Quite naturally, Macy’s is trying to put a gloss on the results by pointing out that the comparable sales shrink of 0.6% is a marked improvement on the decline of 3.9% it posted in the third quarter. While the observation is accurate it ignores the underlying math. The improvement is largely down to a much softer prior year comparative in quarter four than in quarter three; it is categorically not an indication that Macy’s strategy is bearing fruit. Equally, Macy’s claims that it executed holiday well are a partial truth. In some stores, holiday assortments were good, but in most execution was dire, and inspiration was thin on the ground.
The dismal trading numbers – and the accompanying 54% decline in net income – have led Macy’s to change tack with a new Polaris strategy. This three-year plan is designed to restore profitability and growth to the ailing chain.
Aside from the fact that the strategy contains many changes that should have been made years ago, Polaris seems like a sensible blueprint. The decision to accelerate the closure of underperforming stores is reasonable, not least because it will allow Macy’s to concentrate investment into locations where it can generate a better return. Equally, the decision to accelerate own-label development is healthy, especially in fashion and home where it will boost margins and create a point of differentiation. That said, we do harbor some concerns.

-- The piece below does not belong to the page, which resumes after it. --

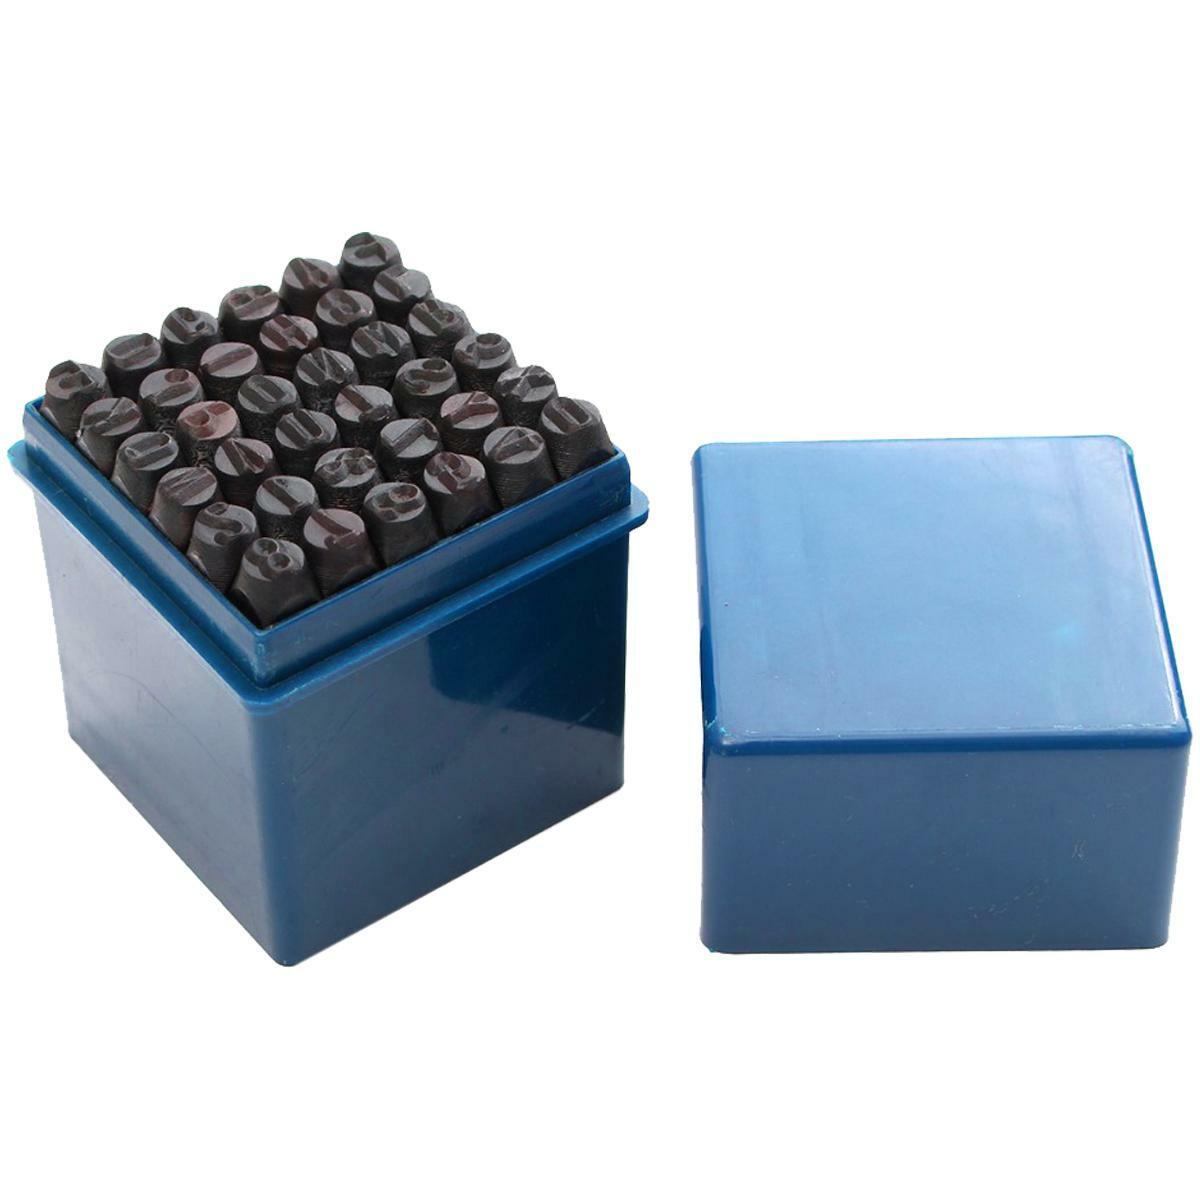 oxford punzoni lettere e numeri 36pz 8mm

First and foremost is Macy’s ability to execute. Unfortunately, there are too many past examples where Macy’s has been unable to deliver on its plans. As such, we believe the jury is still out on whether Polaris will transform in the way Macy’s wants it to.
There are also areas where it falls short. For example, the expansion of the store refurbishment program is modest – especially compared to the plans of rivals like Target – and we believe that Macy’s should have far more ambition to create a fleet of stores that is truly fit for 2020 and beyond. We are also concerned that the shuttering of so many stores may impact online traffic as the Macy’s brand becomes less visible; our own data shows a very clear relationship between sales volumes and a physical presence in a catchment, and this is something Macy’s will need to address.
The decision to test new formats, such as Market by Macy’s, is innovative but not a silver bullet. In terms of location, Macy’s will still need to contend with very tough competition and from what we have seen so far, although the format and merchandise is better, we question whether it stands out enough to produce stellar results. The same applies to the expansion of the Backstage off-price format. There is no doubt that this concept has relevance, but Macy’s is essentially expanding into a market that is already extremely crowded with highly-skilled players like TJX so returns are questionable.
As much as we are pleased to see Macy’s set out a grand plan, we still believe that much of the low-hanging fruit has been missed. Too many stores suffer from a lack of basic disciplines – merchandising is terrible and even tasks like dusting fixtures are overlooked. In essence, Macy’s is still failing on retail 101 and this does not bode well for its prospects in more advanced studies.